I've been racking my brains about the best way to do this for a while now but am no closer to the answer it seems, so I could use some help!
I'll explain the problem conceptually, then in context as that may help. Essentially the problem is this:
Given a pair of sequences, at least one of which has per-letter annotations
in biopython
, I need to align the shorter of the 2 sequences (since one is likely to have gaps, where as the annotated sequence will be 'full'), and be able to 'carry' the per-letter annotations with it.
For example, if I have these 2 dummy sequences (with some scores immediately below the longer sequence):
>1
ATGCAT
135198
>2
ATCAT
In practice these scores are not all ints
and will be floats
, but for the purpose of demonstration random numbers will suffice.

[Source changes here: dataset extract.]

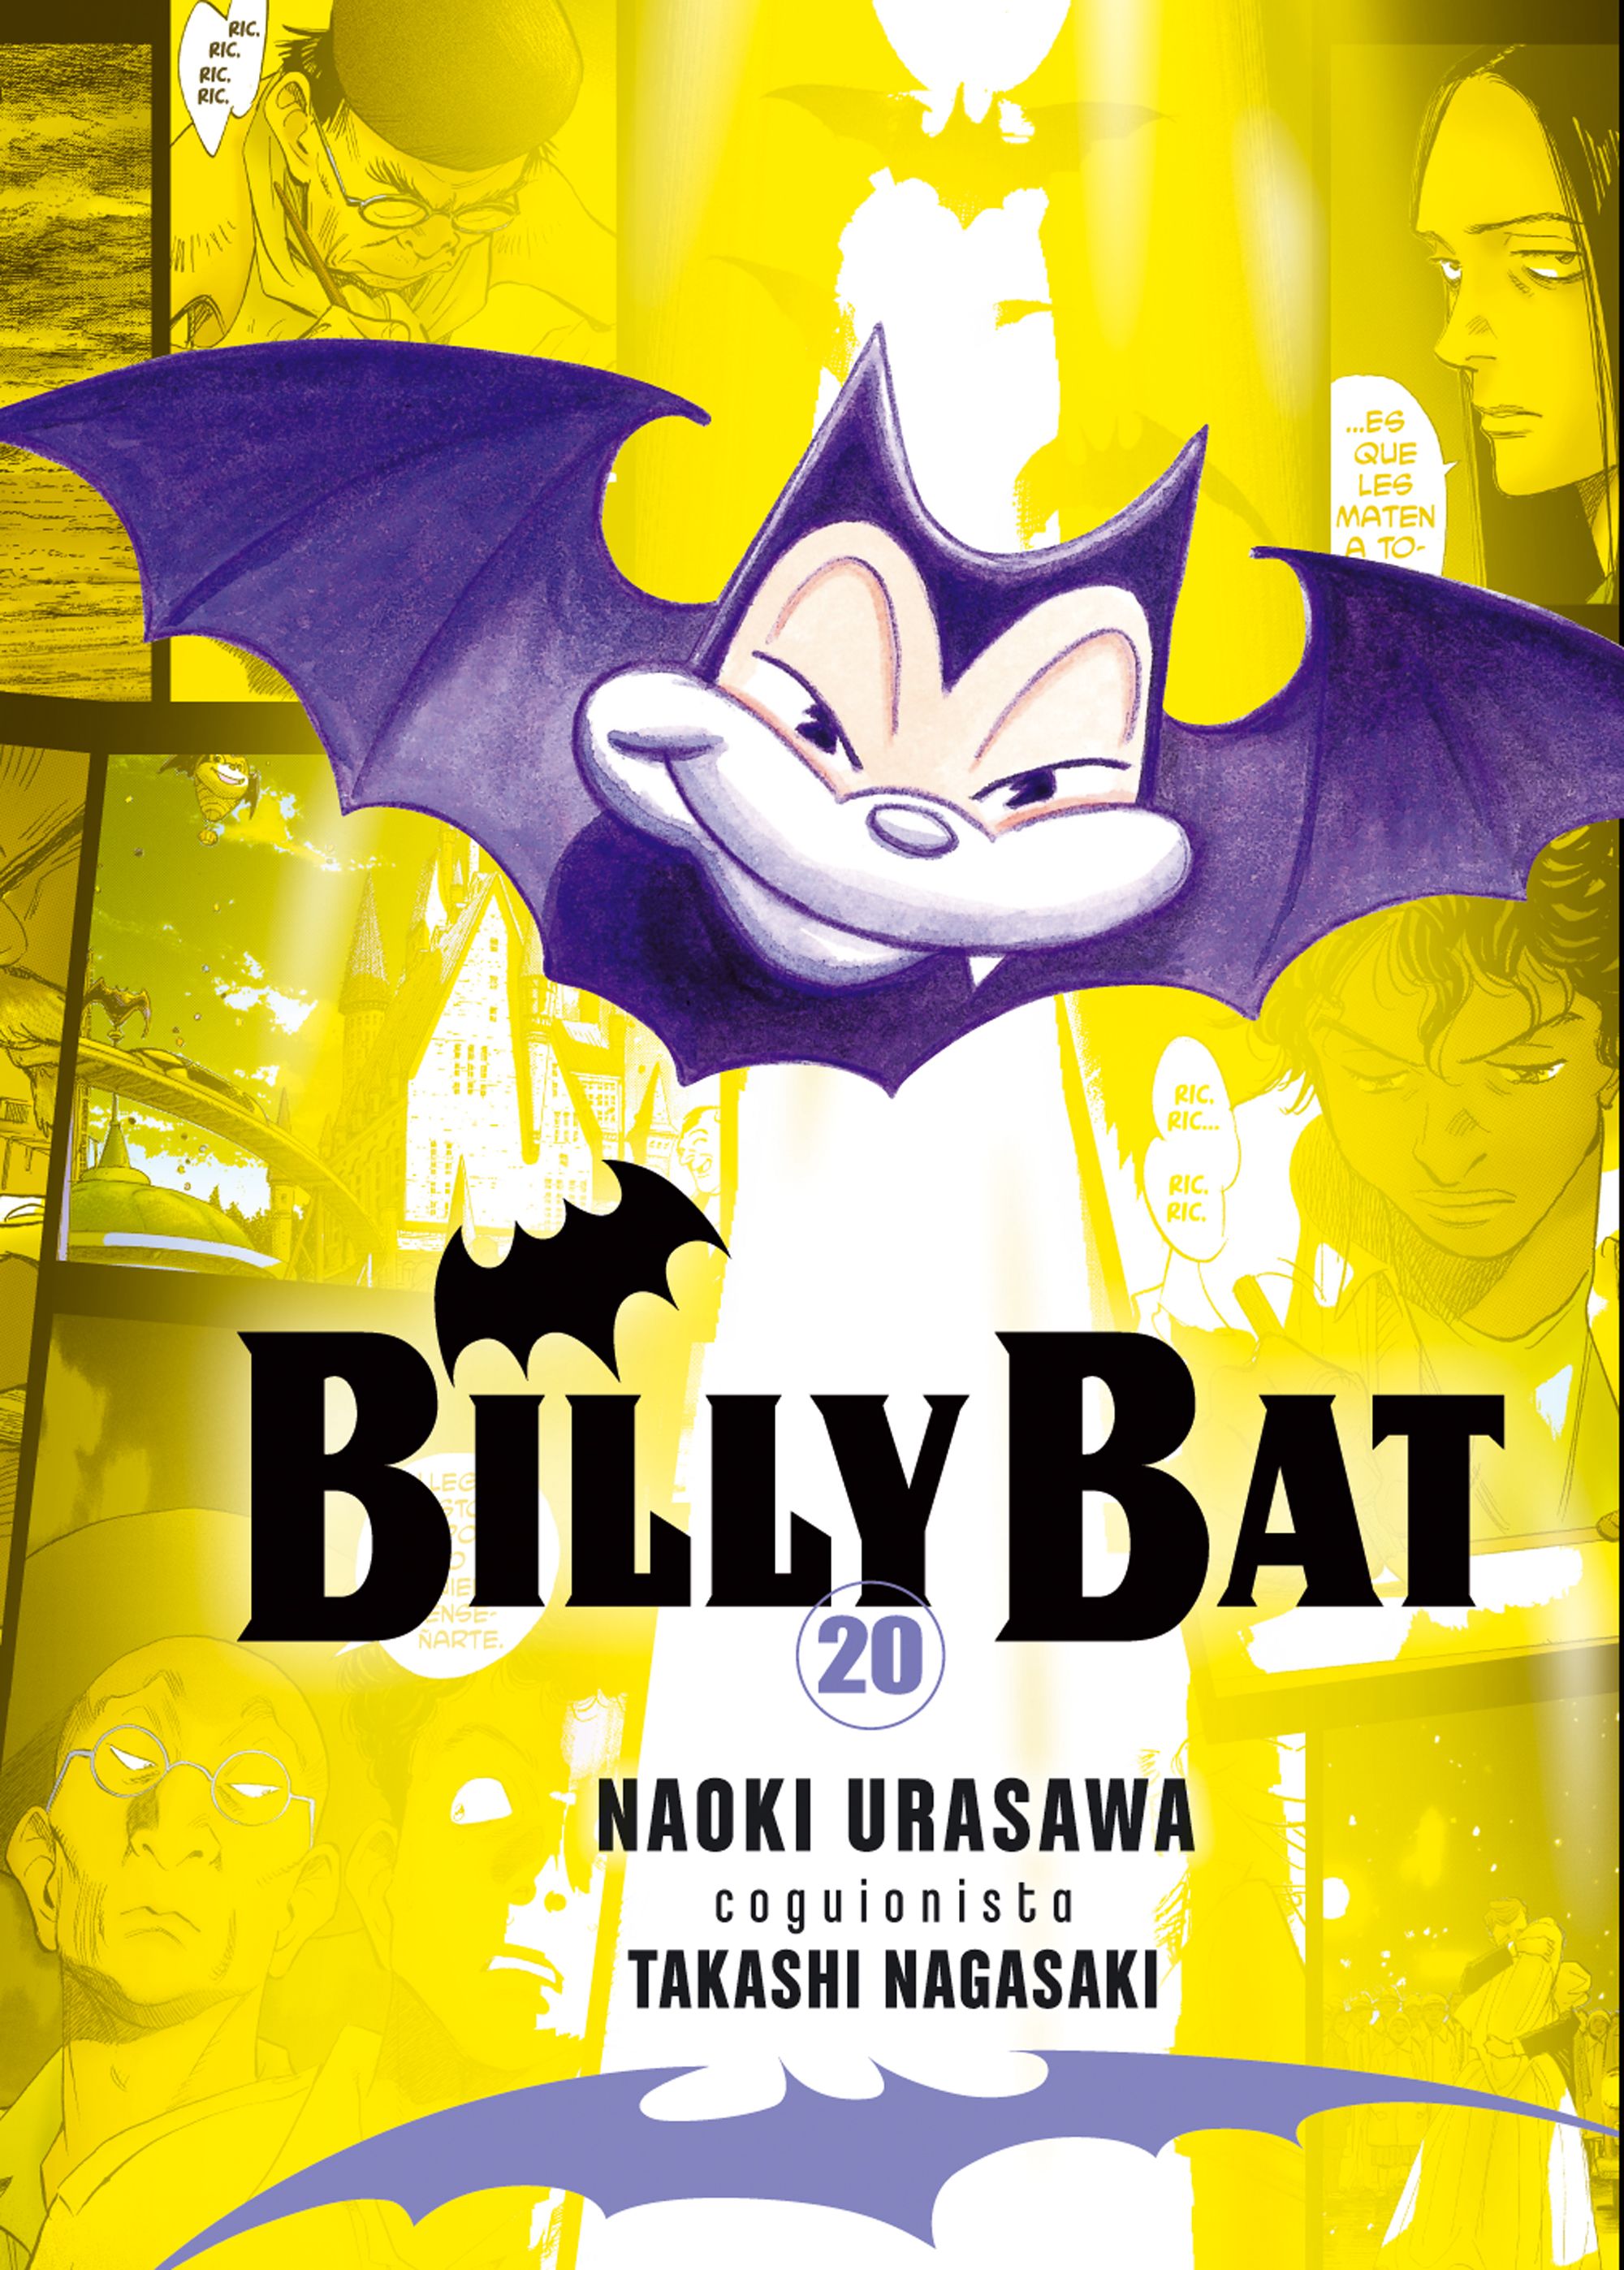 Billy Bat #20 (de 20)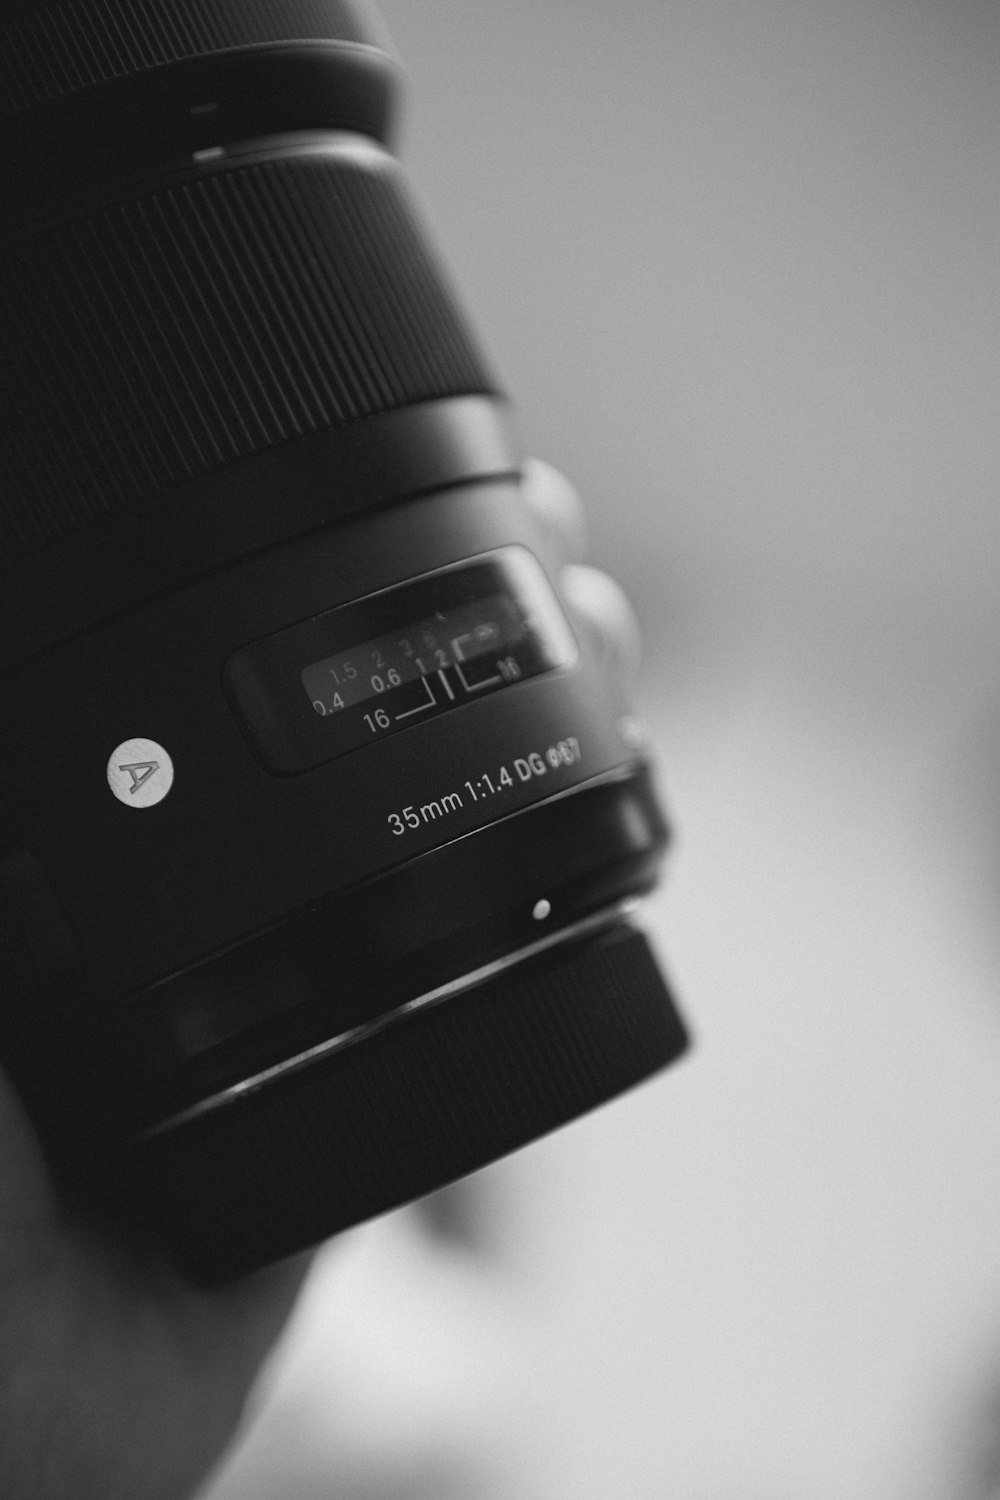 Obiettivo della fotocamera nero nella fotografia in scala di grigi

Now if these sequences were aligned, and the scores were carried/transferred to the other sequence we'd get:
ATGCAT
AT-CAT
13-198
So the question is, how can I align these in general, and preserve these annotations? So far, I've been looking to see if pairwise2
can handle SeqRecords and deal with moving those characters around as the object would preserve the character-score relationship, but it seems to only deal with literal sequence strings. In the above case, it would be pretty trivial to copy the annotations over to the new sequence and then just 'drop' any position where there is a gap.
In more complicated real-world examples though, I'm expecting that this logic may not always hold, but I am still trying to kind of tease this thread through in my head to understand whether I'm overcomplicating things.
I said I'd offer the real world motivation for this too, so the reason I need to do this is that I have a number of fasta files which have been analysed for their immunogenicity properties, and I am in the process of 'rendering' this on to the 3D structure. Its common for 3D structures to be missing stretches of residues though, so in order to correctly 'associate' the sequence with its structure, and the right residues together, I need to be able to align them and (as far as possible) unambiguously identify which residue in the structure corresponds to the value in the fasta/scores file.
Thoughts/feelings/code gratefully recieved.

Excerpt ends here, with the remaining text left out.